The Pawtucket Red Sox have cemented themselves as the premiere minor league baseball team in the New England area. This was not always the case as the team almost departed the region after only three seasons in Rhode Island. In 1977, on the verge of extinction, the team was purchased by retired businessman Ben Mondor who urged a then 25-year-old Mike Tamburro to work alongside him as President of the club.
Thirty three years later Tamburro is still helping to provide the best baseball experience for the PawSox and their fans. He stands as an example of how hard work, dedication and determination can bring success. During a recent phone call with, I mentioned his tenure to him, to which he chuckled with amazement and asked, “Has it been that long? I stopped counting years ago.”
Without missing a beat he went on to add, “When we started this we wanted to bring something new and innovative to the game. Our goal since Day 1 has been to provide quality, family entertainment at the lowest possible price. It hasn’t been easy. We have worked hard to get to this point.” The results are proof of the efforts made.
Since his arrival in Pawtucket, Tamburro and company have helped transform a team that was pulling in 70,000 fans per season to one that continuously breaks attendance records, including 7 straight seasons of over 600,000. He is quick to laud the strength and stability of the senior staff in the front office, explaining how, “most of us have been together for over 20 years and this is our success.”
He excitedly adds, “It truly is an all-out team effort. There is no individual success in this organization.” It is this attitude that helped turn a franchise on the brink of collapse into one of the most respected organizations in all of minor league baseball.
His day-to-day duties as President of the team consist of working closely with the departmental managers to ensure that things are running smoothly within each facet of the organization. He conducts weekly meetings with all department heads, providing direction and cohesion so that all of the pieces fit nicely within the whole of the team. Be it the manager of concessions or the manager of the ballclub, Tamburro’s main goal is to “ensure that all employees have the tools to make their department a success.”
His work has earned him numerous awards during his career. In 2008 he became the only person to win the International League’s Executive of the Year award on five separate occasions. “I just so happen to be the person in the position that they give the awards to,” Tamburro humbly states. He paused a moment and seemed hesitant to accept any direct praise thrown his way. “These awards are not an individual recognition. They symbolize the efforts of everyone within the organization.”
Since he has a proven track record as an executive, Tamburro has also been called upon for many other high level positions in the game. He is a member and the former Chairman of the Board for Minor League Baseball. He also balances his time as part of the Professional Baseball Executive Council and he serves as a Director for the International League.

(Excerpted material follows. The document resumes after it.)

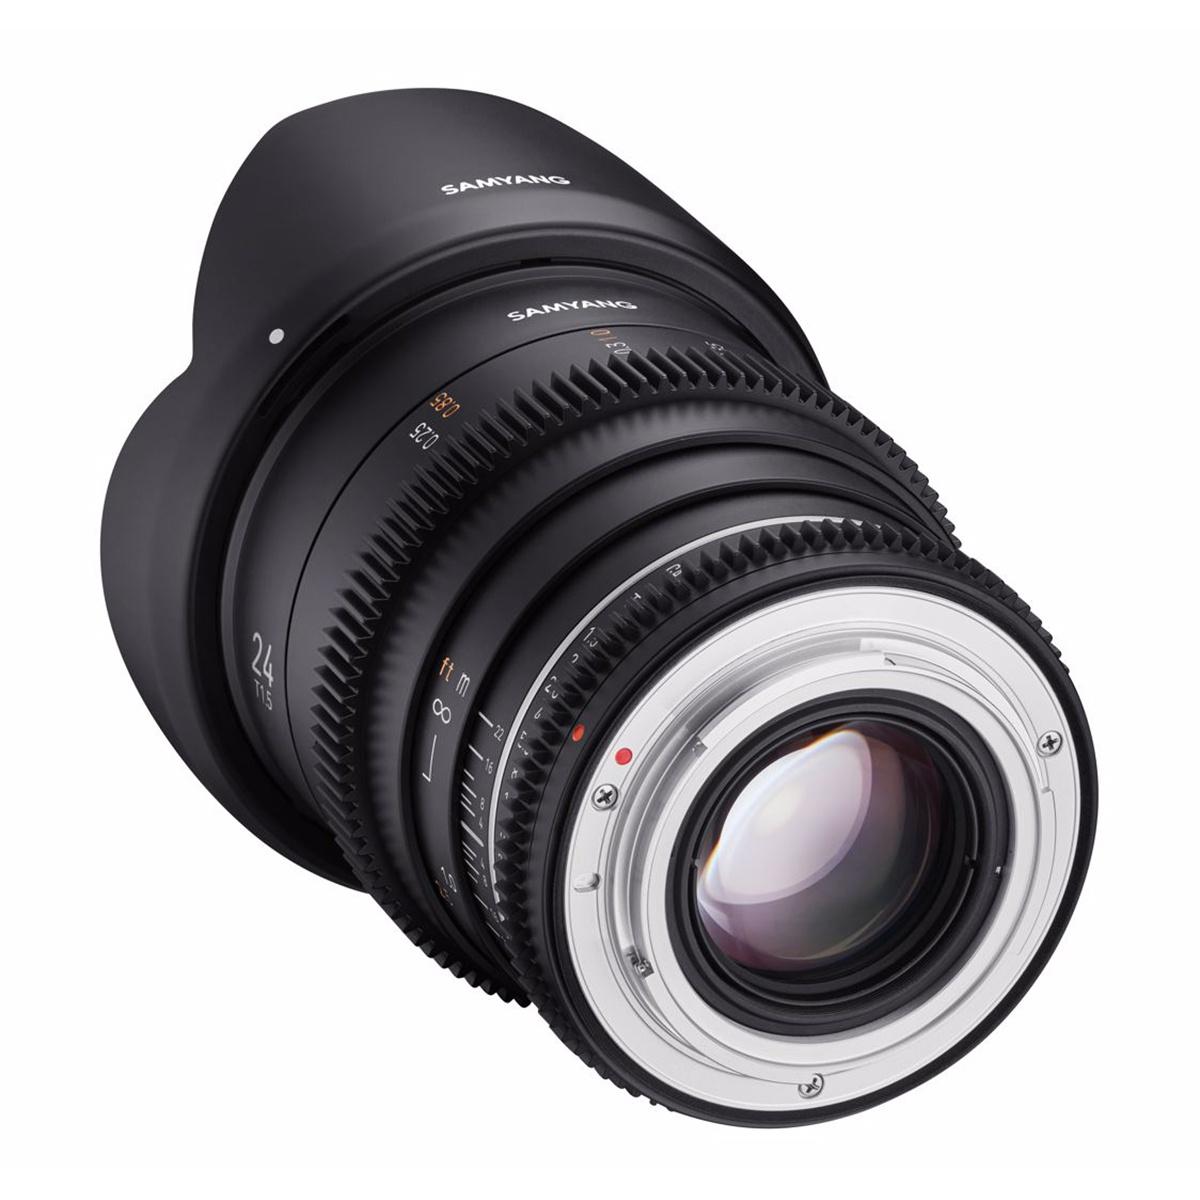 SAMYANG 24mm T1.5 VDSLR MK2 Sony E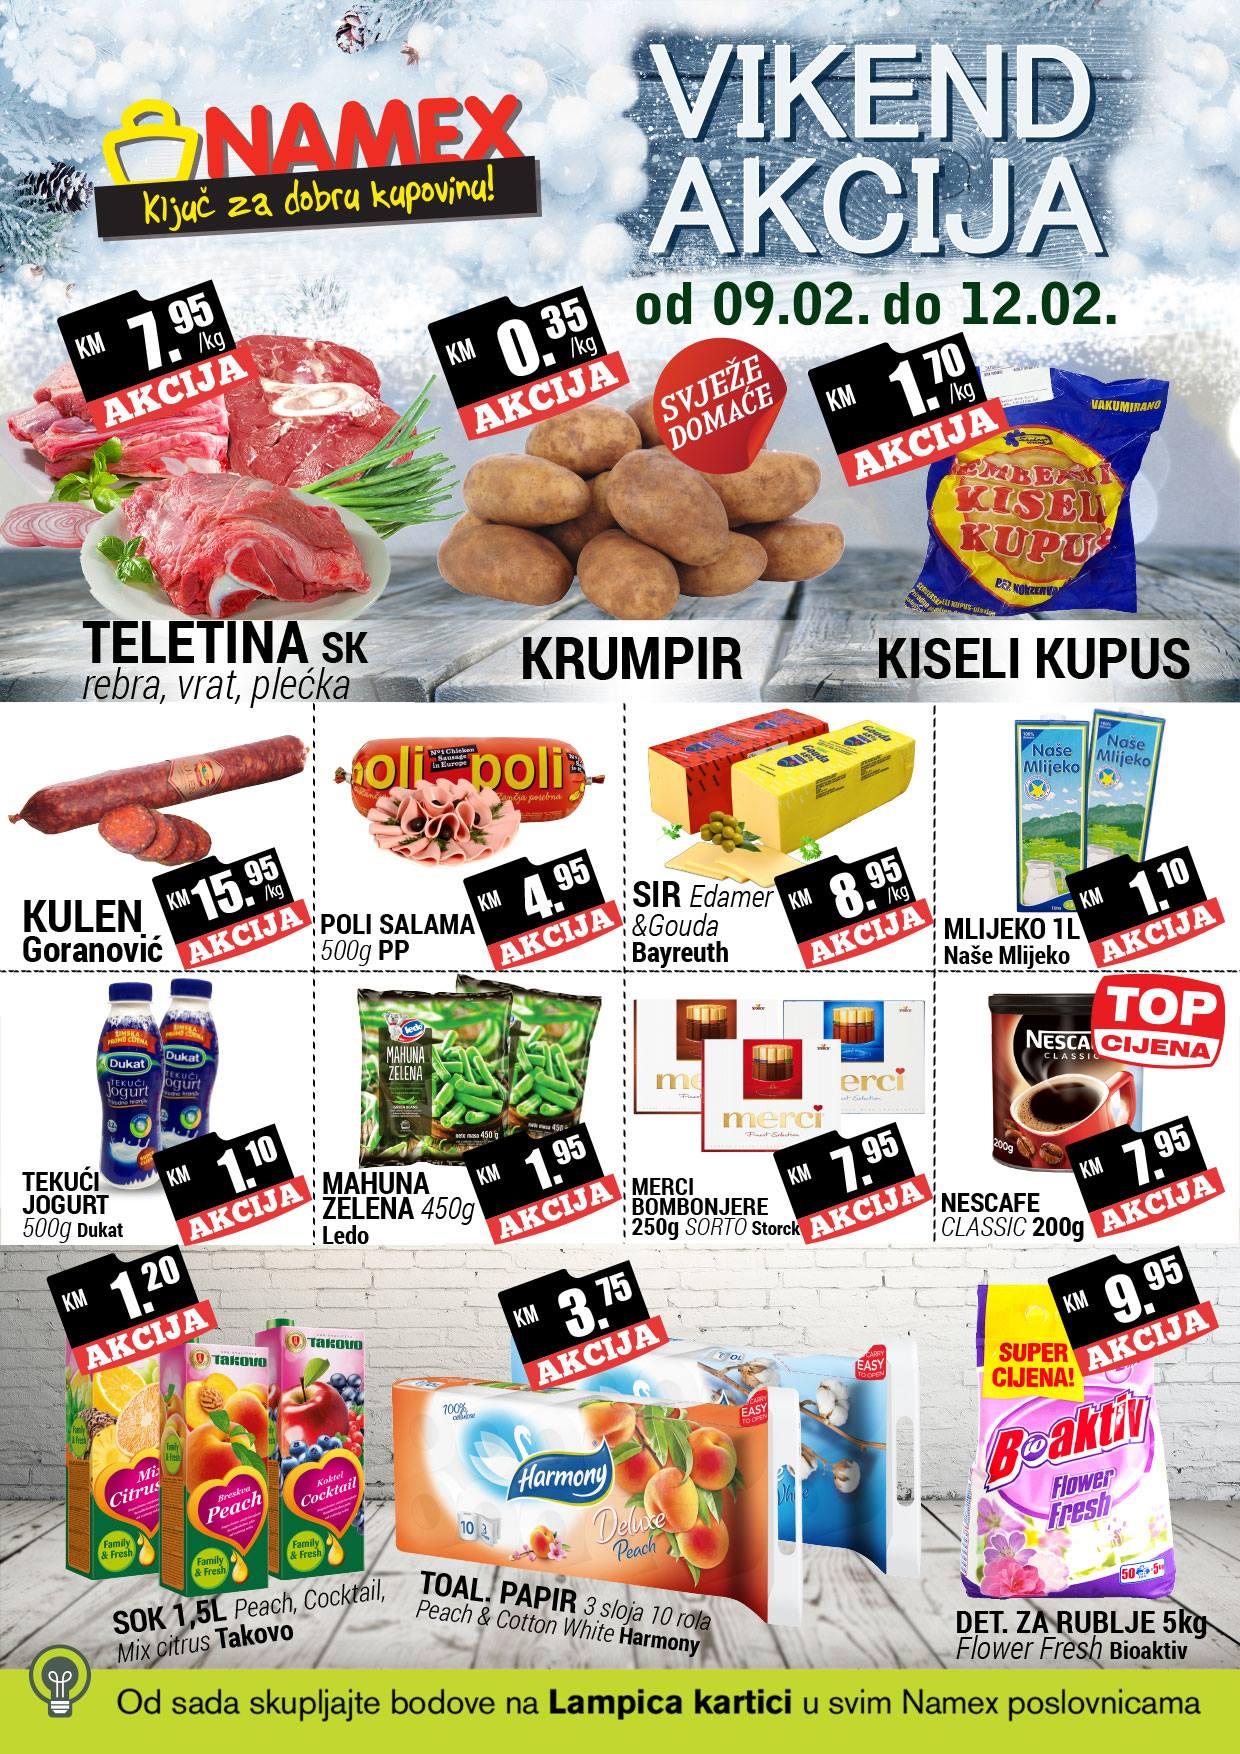 Ključ za dobru kupovinu! Nova vikend akcija od 09.- 12.02.2017. u Namex supermarketima!

The results that he and his staff have provided for the Paw Sox prove that hard work, determination and a dedication to improve each season are not just things that he talks about, but are things that he and his staff actually accomplish. One point he is quick to make is that “there are no shortcuts. You must take the long, hard way to succeed over time in this business.”
His overall tone tells the story of an extremely modest man who attributes all of his success to an overall, organizational effort. The sincerity that Tamburro exudes was noticeable throughout our conversation. It was a bit like talking with my dad about baseball. There was delight in just talking about the game itself and his being able to work around it every day has provided endless joy for him.
Whether he is hyping the brand new 22’x38’ video board at McCoy Stadium or talking fondly about his wife and two daughters, his friendly nature and exuberance shine through in all that he does and his excitement about the team is infectious. You can hear the pride in his voice when he speaks of the job that they have accomplished in Pawtucket. “But the work is never done,” Tamburro said, “You must continue to try and getter better every single year.”